After True Lies became the third highest-grossing film of 1994, behind The Lion King and Forrest Gump, a sequel was inevitable.

Arnold Schwarzenegger and Jamie Lee Curtis were eager to do it, as was writer-director James Cameron. Following a long delay, due mainly to the time it took Cameron to complete Titanic and the ongoing process of finding a satisfactory script, the sequel was finally confirmed in March 2011, with filming to start the following year.

But then the September 11 attacks happened and films involving terrorists were immediately off the table. Despite intermittent talk of a sequel over the next few years, it gradually became obvious it would never be made.

Instead, what we eventually got was this year’s unwanted True Lies TV series, an awful, bloodless reboot made by CBS and shown over here on Disney+. It was axed last week, having failed to find an audience.

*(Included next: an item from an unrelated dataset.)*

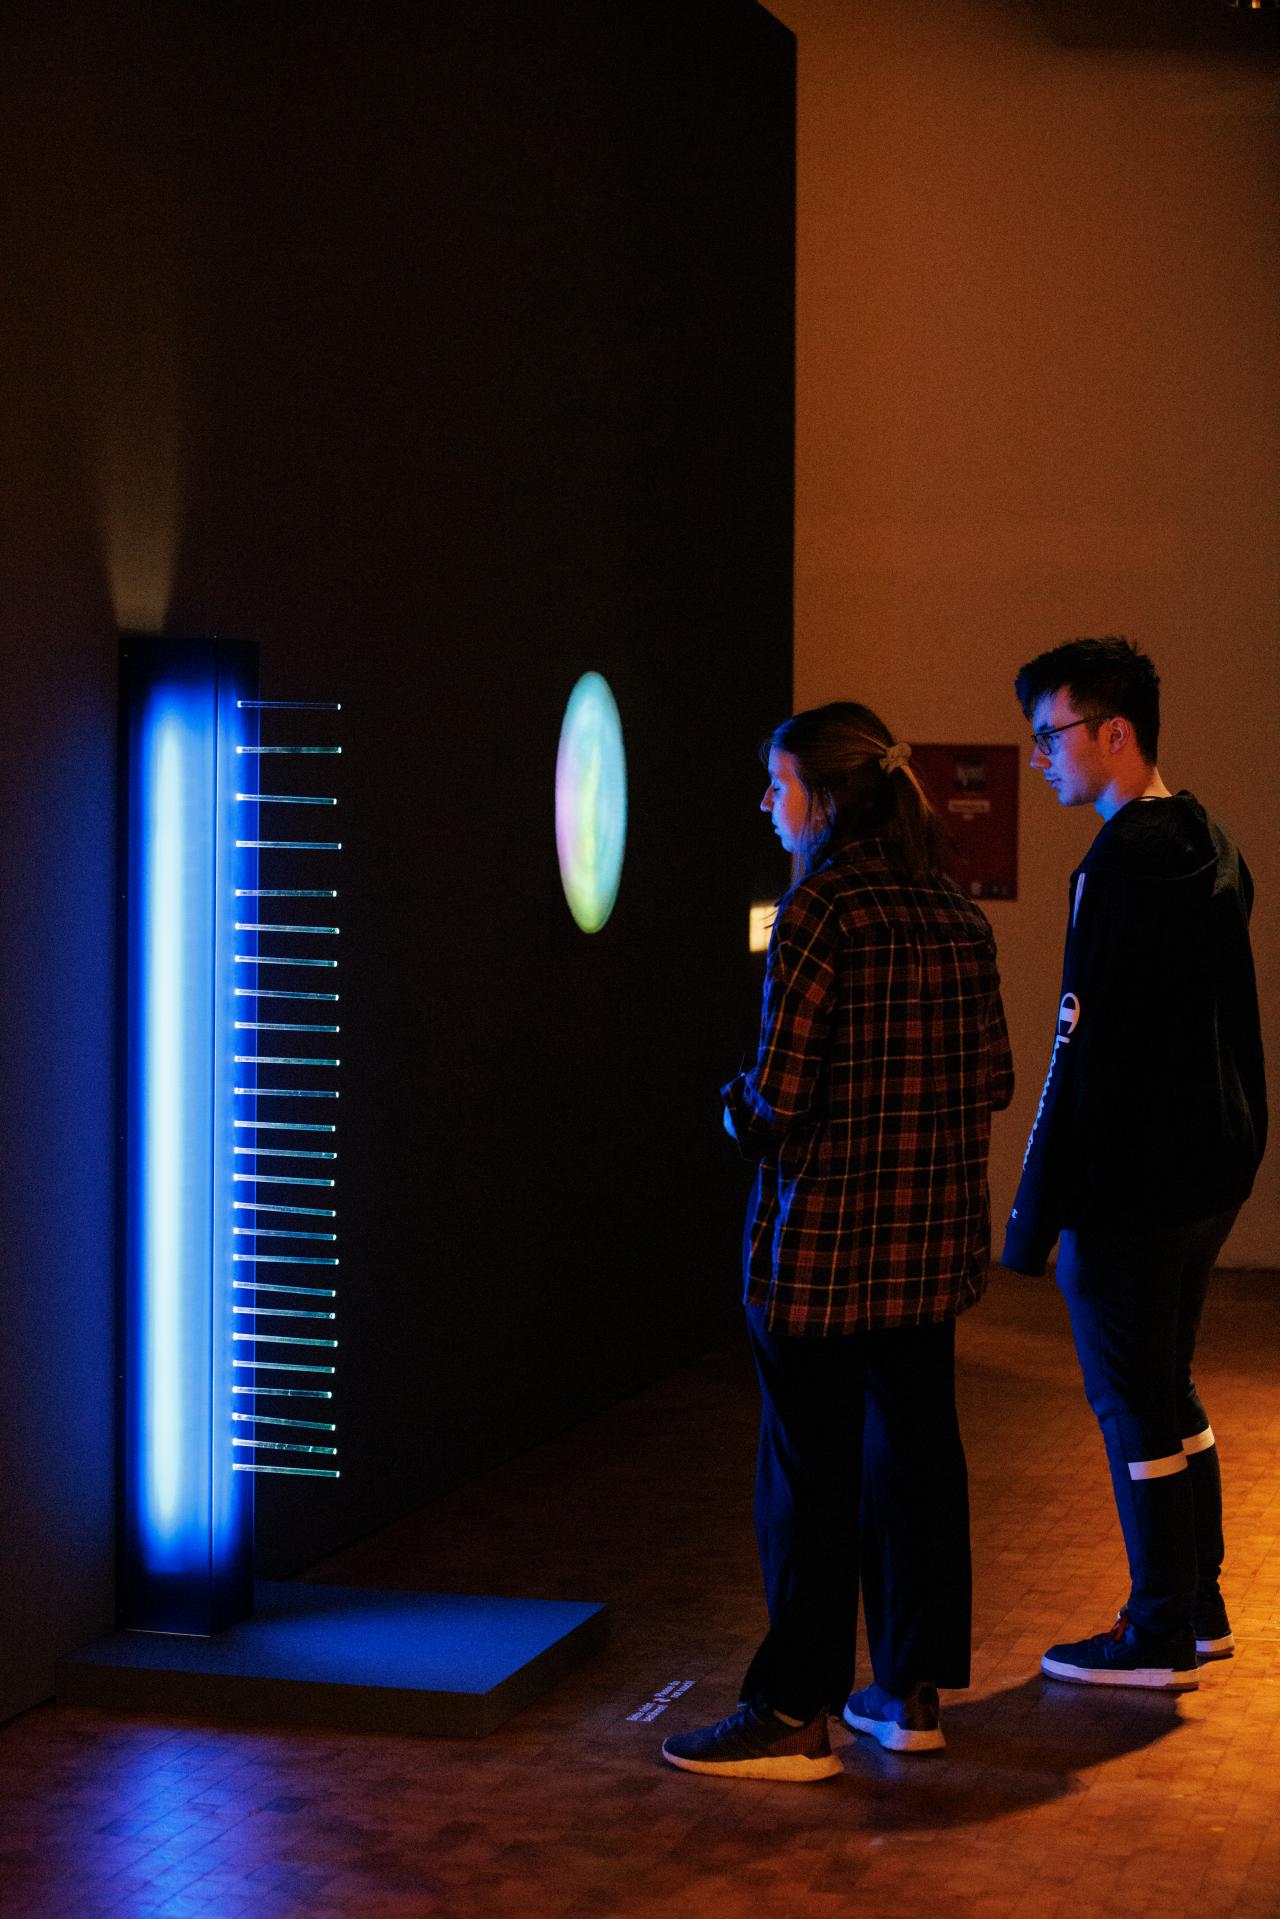 Zwei junge Menschen stehen vor einer blau leuchtenden Stele, die in etwa die Größe eines Menschen hat. Im Hintergrund leuchten verschiedenen Kunstwerke in bunten Farben auf.

Arnold Schwarzenegger clearly hasn’t got True Lies completely out of his system yet, though, because he’s chosen to make his television series debut in the action-comedy FUBAR (Netflix, all eight episodes currently available). Depending on which version of US Army slang you prefer, the title stands for either “F****d Up Beyond All Repair” or “Fouled Up Beyond All Recognition”.

So close are the similarities to True Lies, the series can be regarded kindly as a sort of spiritual successor — or less kindly as a bit of a rip-off.

Arnie plays Luke Brunner, an ace CIA agent who’s reached retirement age, 65, and completes one last mission to Antwerp to crush a diamond-smuggling ring.

Luke has been hiding his 40-year career as a spy from his ex-wife Tally (Fabiana Udenio), who he still loves 15 years after their divorce, and his daughter Emma (Monica Barbaro), who he idolises.

Arnold Schwarzenegger as Luke Brunner, an ace CIA agent. Photo: Netflix

As far as they’re concerned, Luke is a decent, hardworking man and a good provider who let his marriage slide by spending too much time away on business.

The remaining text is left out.